On the other hand, the modern apparatus of the fractal science uses its own methods for describing dynamic processes. These methods do not involve studying variations of the composition and structure of dispersed particles; they are considered as small geometric objects of preset size and unchanged composition in an n-dimensional space.
Indeed, from the standpoint of systems analysis, an oil system is complex, because it consists of a large number of interconnected elements interacting with each other, often under nonequilibrium conditions. The basic property of complex self-organizing PDS is continuous multilevel assembling and rearrangement of complex asphaltene nanoaggregates (CSUs) under the action of both technogenic and natural factors, including the oil ripening conditions. Fractal geometry is actively used for considering the growth of asphaltene nanoparticles, which can be simulated using the Monte Carlo method [14, 15, 19].
According to the results of computer simulation, fractal systems, being apparently chaotic and disordered, actually have internal order. The fractal dimension of a nanoaggregate is fractional, in contrast to the traditional integer dimension of dispersed particles, and reflects the degree of filling of the topological space. The lower is the fractal dimension, the softer (looser) is the nanodispersion, the more probable is rearrangement of its internal structure and structural elements themselves, and the weaker is the external action that can cause structural changes. The pulsed NMR relaxation method is the most informative for this purpose [22]. Using this method, Zlobin [19] made for the first time a nontrivial conclusion that the fractal dimension of the structure of asphaltene aggregates is an integral genetic criterion for differentiation of natural crude oils. This is a ripening indicator of a sort: The fractal dimension correlates with the oil stratification age and monotonically increases downwards along the section (groups 1–3 in Table 3). Comparison of the data obtained shows that the fractal parameters of crude oils with thermobaric ripening conditions in various stages of the Carboniferous (tens of Ma and more!) differ relatively insignificantly, but the fractal parameters of crude oils from Carboniferous deposits differ significantly (by 30%) from those of the lower occurring Devonian crudes. That is an example of the formulation of a hypothesis concerning the previously unknown mechanism of crude oil evolution as a particular case of self-organizing systems. It has been demonstrated by the example of a representative sample of crude oils that a nonlinear decrease in the fractal dimension with an increase in the radius of complex structural units characterizes the rearrangement of these units and influences the macroscopic properties of crude oils (Table 4).
As for processes of petroleum technology, occurring in other time intervals, studying changes in the fractal structure of asphaltene-containing systems, as a rule, is not topical, and researchers’ attention is focused on relationships between changes in the composition, dispersity, and macroscopic properties of the feed with the aim of controlling by external actions the process parameters such as the yield and quality of petroleum products, degree of deemulsification upon crude oil dehydration at an oilfield or oil refinery, well output in oil extraction, etc.). Control of the process characteristics of oil systems in the course of their production becomes topical. The response to this challenge appeared with the development of PAT (Process Analytical Technology) [23] in the XXI century. This is a system of automatic sensors for monitoring the quality of feed and product streams to ensure operation of process facilities without interruptions. This technology is also gradually brought into the petroleum practice [24]. The on-line monitoring is particularly important for preventing deposition of undesirable components (paraffins [25, 26], free stratal water [27], gas hydrates [28]) that give rise to problems in marine transportation and pretreatment of the multiphase hydrocarbon fluid in pipelines of underwater mining systems (UMSs).

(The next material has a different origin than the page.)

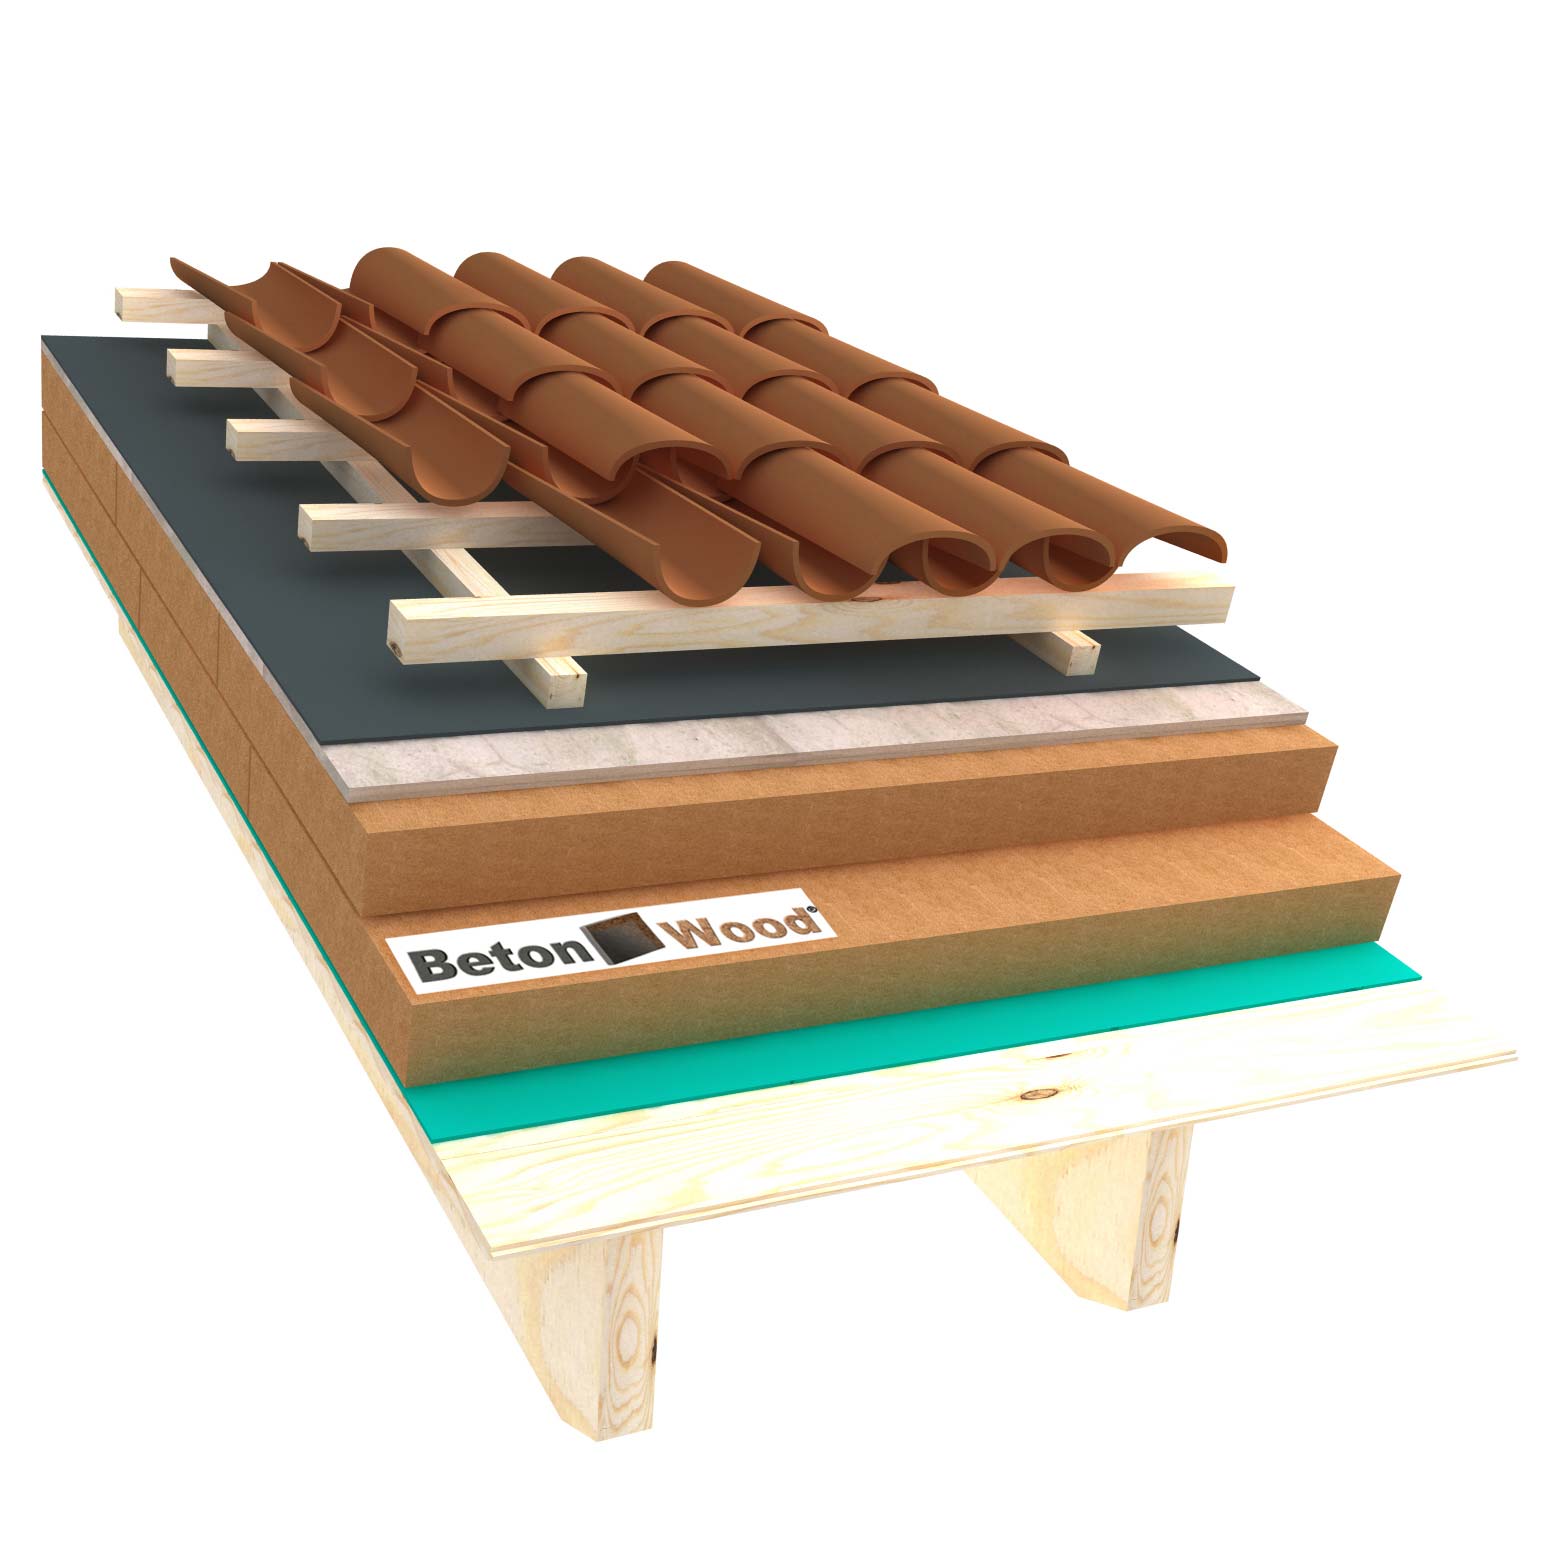 Ventilated roof with wood fiber Universal dry and cement bonded particle boards on matchboarding

It should be noted that the knowledge of the supramolecular structure of PDS by the moment of formulation of the colloid-chemical concept was insufficient for its complete acceptance and wide use in interpretation of research results and in practice. However, the development of this concept allowed many researchers to suggest a convincing interpretation of their experimental data on nonlinear variation of the PDS properties. Persistent interest in the field of the disperse state of asphaltene-containing dispersions arose simultaneously.
Such studies are constantly discussed within the framework of International Conference “Petroleum Phase Behavior and Fouling” (briefly PetroPhase) [29], held for the first time in 1999.
Today we can historically speak of studies of oil systems from the standpoints of analytical, colloid-chemical, model, and informational (chemometric) approaches (Table 5). Up to the beginning of the XXI century, the following approaches to studying oil systems were mainly considered: analytical (using methods of physical, organic, and analytical chemistry) and colloid-chemical (using mainly methods of physical and colloid chemistry). The model approach arose as an attempt to avoid problems associated with studying multicomponent asphaltene-containing systems [16, 30, 31]. The possibility of predicting the properties of oil systems based on digital data on their composition (petroleomics) became the matter of active discussions in the beginning of the XXI century [32, 33], although one of the first papers on digital images of crude oils based on chromatographic data was published as early as 1979 [34]. Let us consider the essence of the coexisting approaches and differences between them.
ANALYTICAL APPROACH TO STUDYING PDS
Traditionally the problem of qualitative and quantitative composition of a multicomponent oil system is solved using the analytical approach involving separation of a mixture into components, their identification, and determination of the quantitative component content. Diverse methods for separating mixtures and identifying their components (chromatographic, spectroscopic, extraction, etc.) are used for this purpose and are being steadily improved. In this connection, it is appropriate to mention a comprehensive review of modern methods of molecular and ionic mass spectrometry as applied to analysis of multicomponent petroleum mixtures [35].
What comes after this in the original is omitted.